- [Your task]: An exact reproduction of all the data is needed, with no images in it.

- [Data block]:
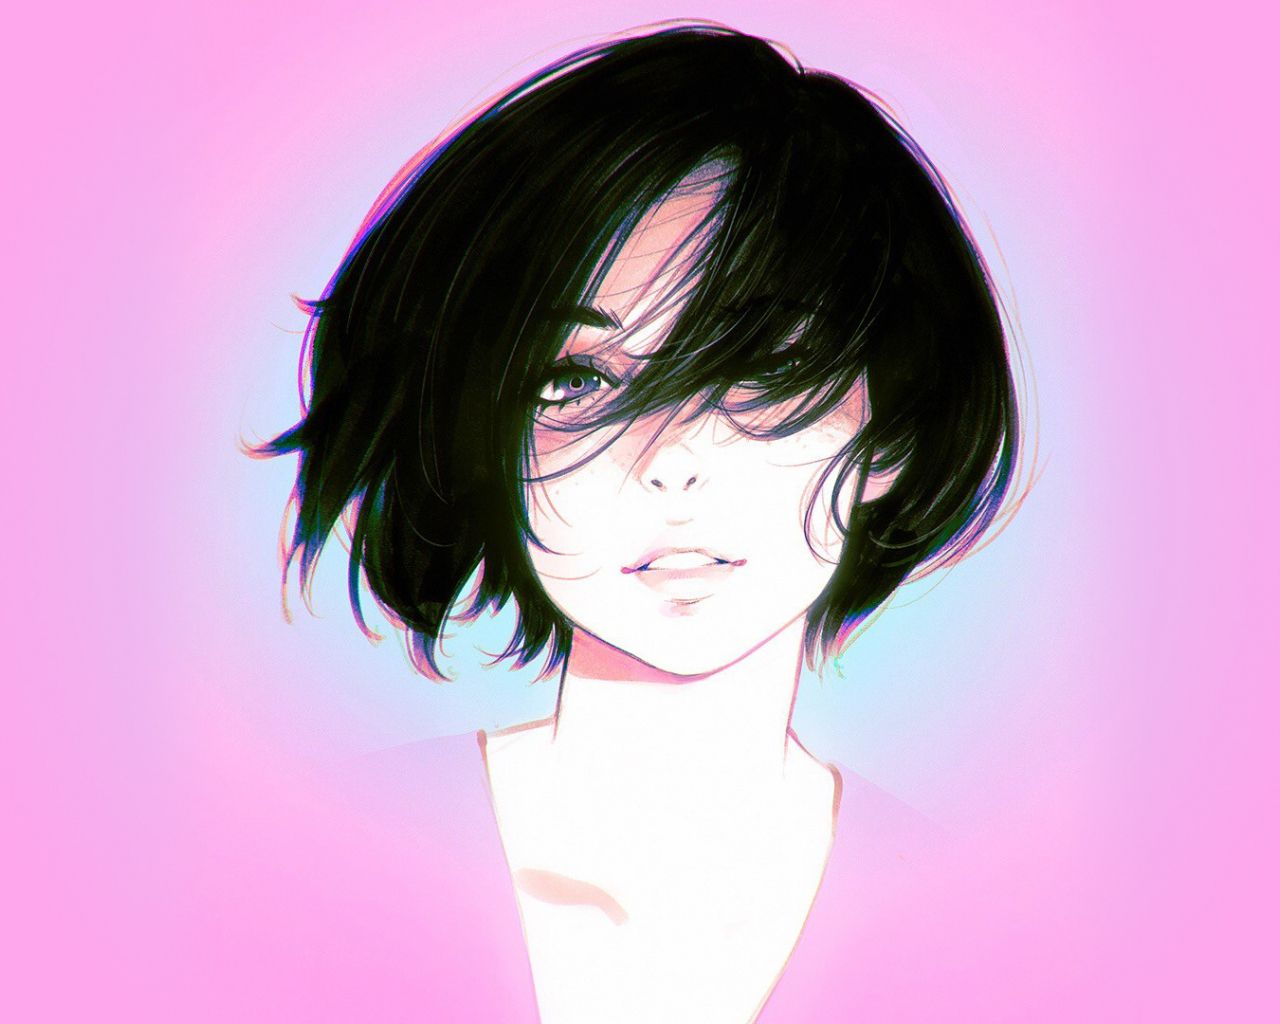 Digital illustration of a woman with short black hair and a pink background - 1280x1024
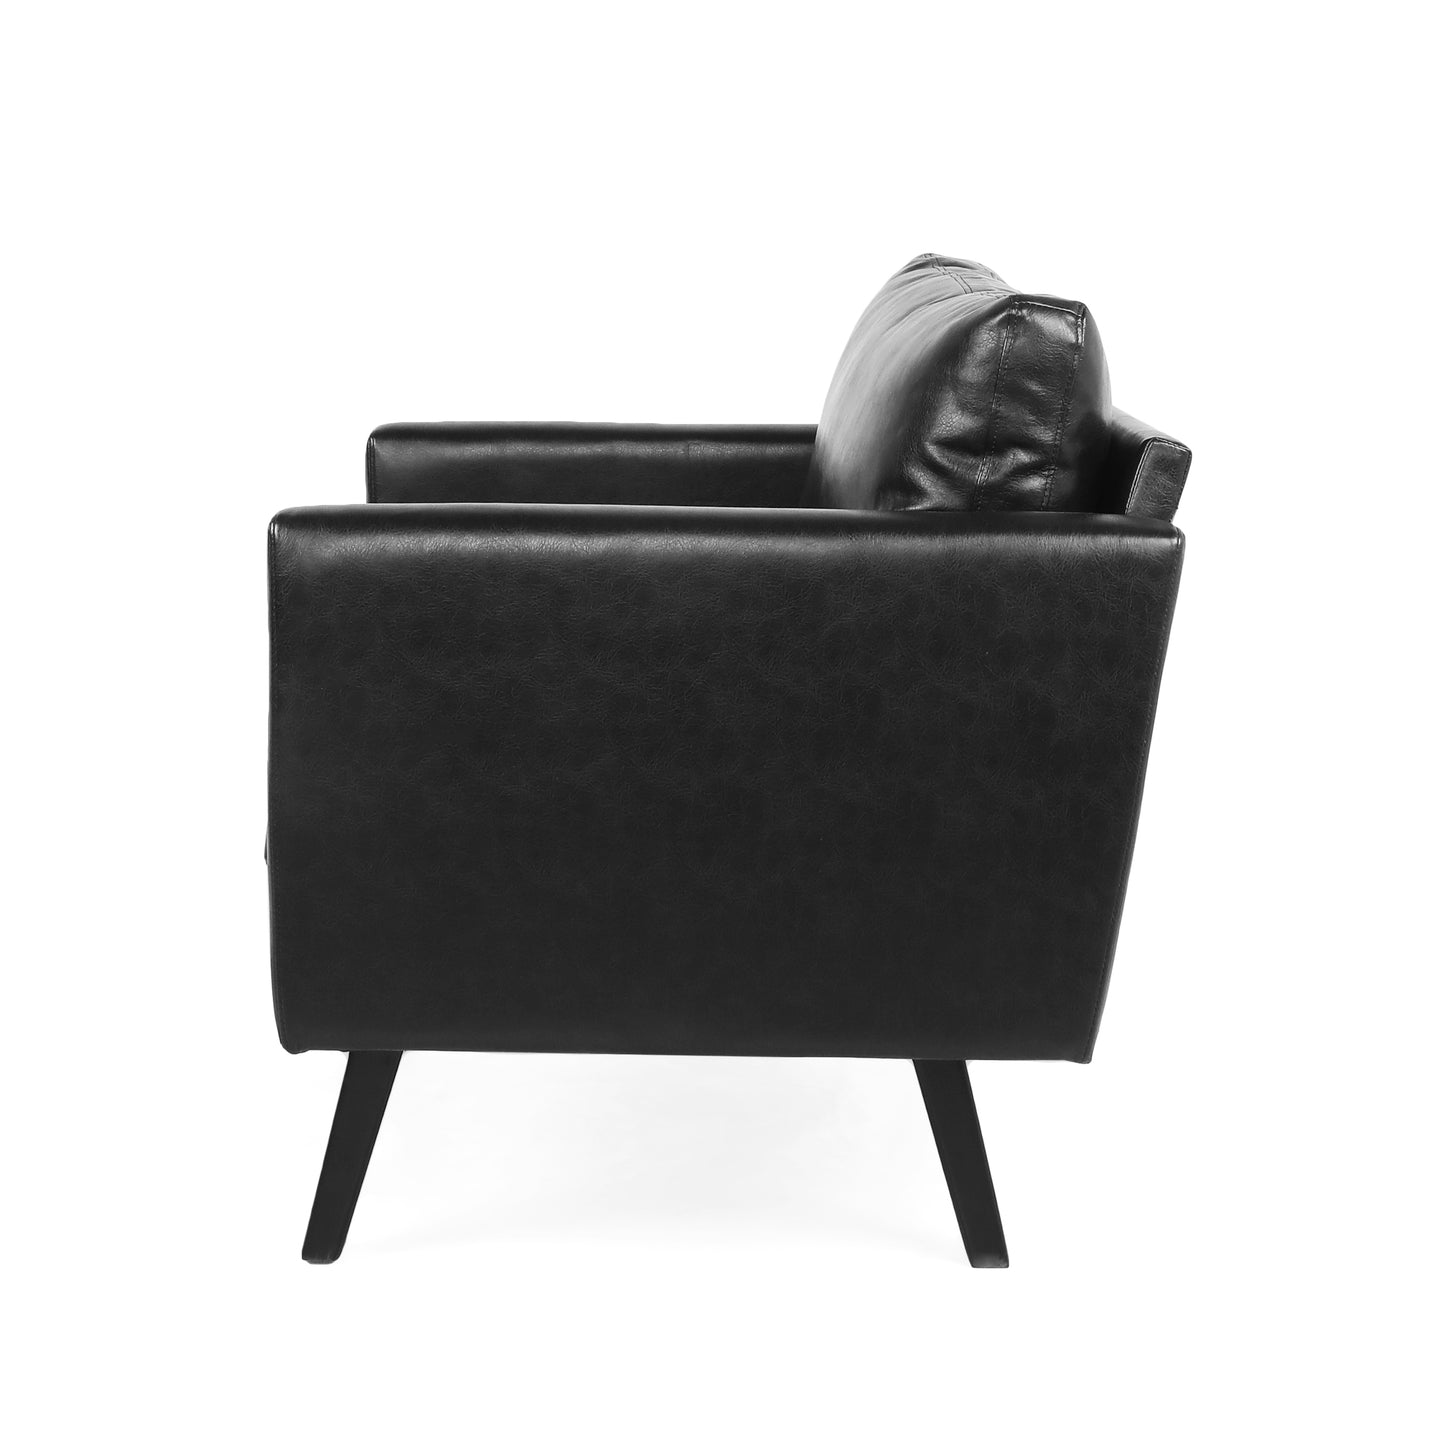 Dowd Mid Century Modern Faux Leather Club Chair
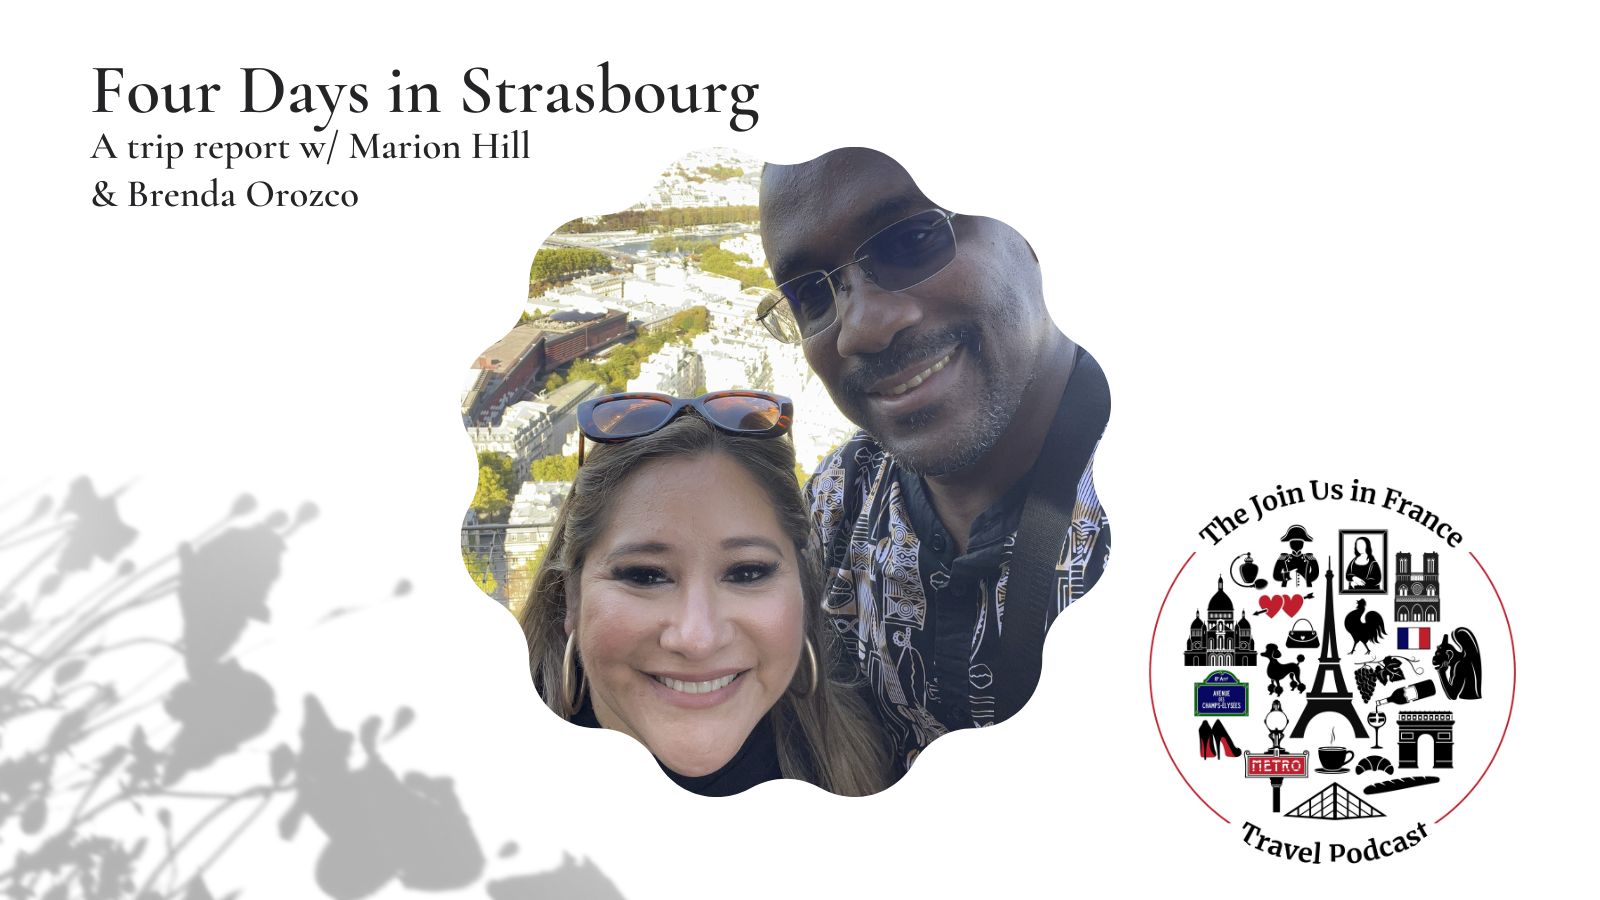 Trip report with Marion and and Brenda: four days in Strasbourg episode
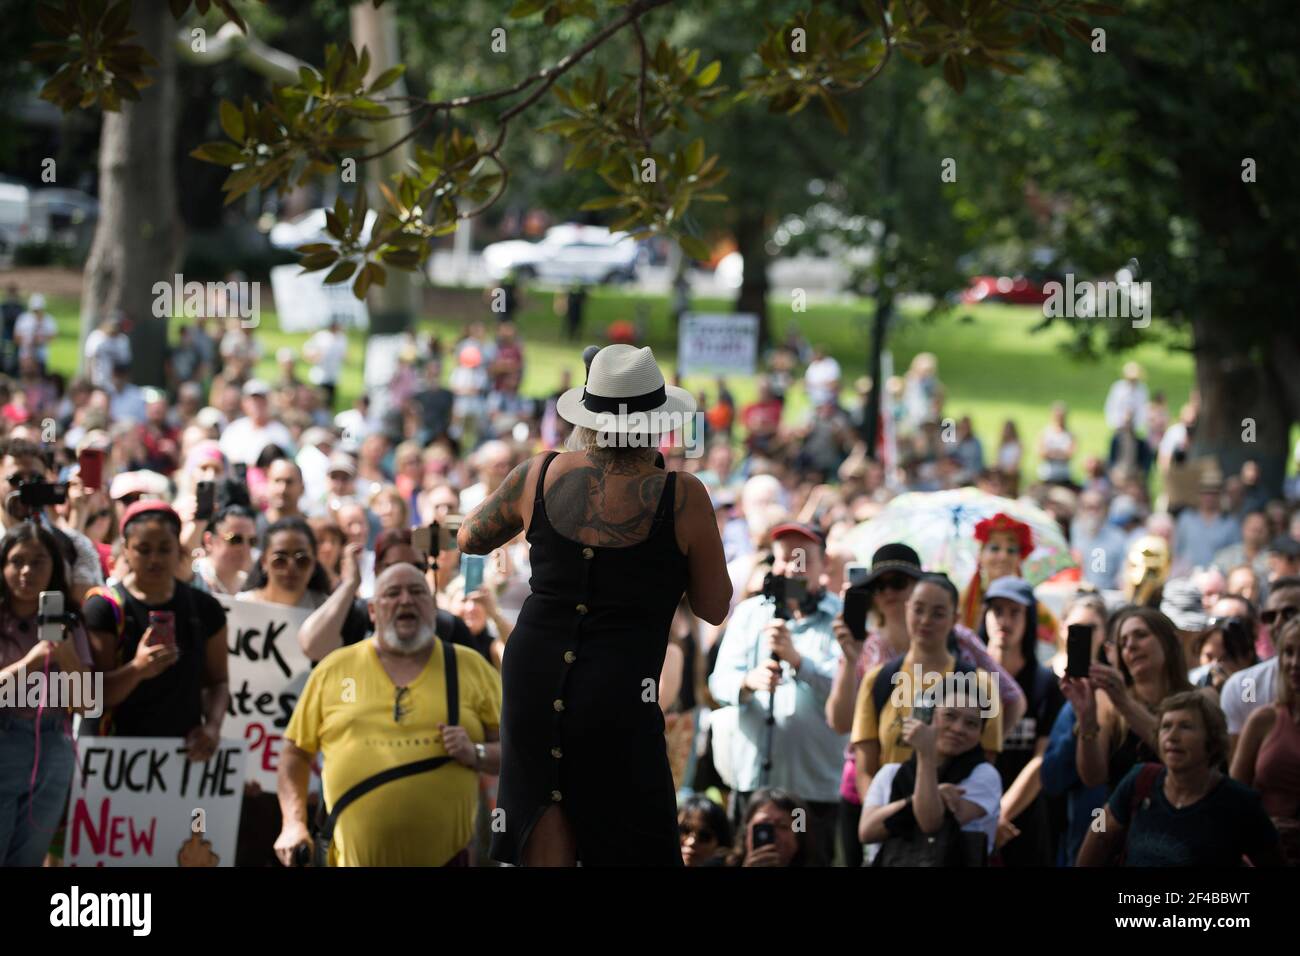 Melbourne, Australia 20 March 2021, A speaker and the crowd at a freedom rally in Flagstaff Gardens. A demonstration as part of a planned 'World Wide Rally for Freedom' that was organised to calling for freedom of choice, speech and movement. Credit: Michael Currie/Alamy Live News Stock Photo

- [Response for this exercise]:
 Digital illustration of a woman with short black hair and a pink background - 1280x1024
 Dowd Mid Century Modern Faux Leather Club Chair
 Trip report with Marion and and Brenda: four days in Strasbourg episode
 Melbourne, Australia 20 March 2021, A speaker and the crowd at a freedom rally in Flagstaff Gardens. A demonstration as part of a planned 'World Wide Rally for Freedom' that was organised to calling for freedom of choice, speech and movement. Credit: Michael Currie/Alamy Live News Stock Photo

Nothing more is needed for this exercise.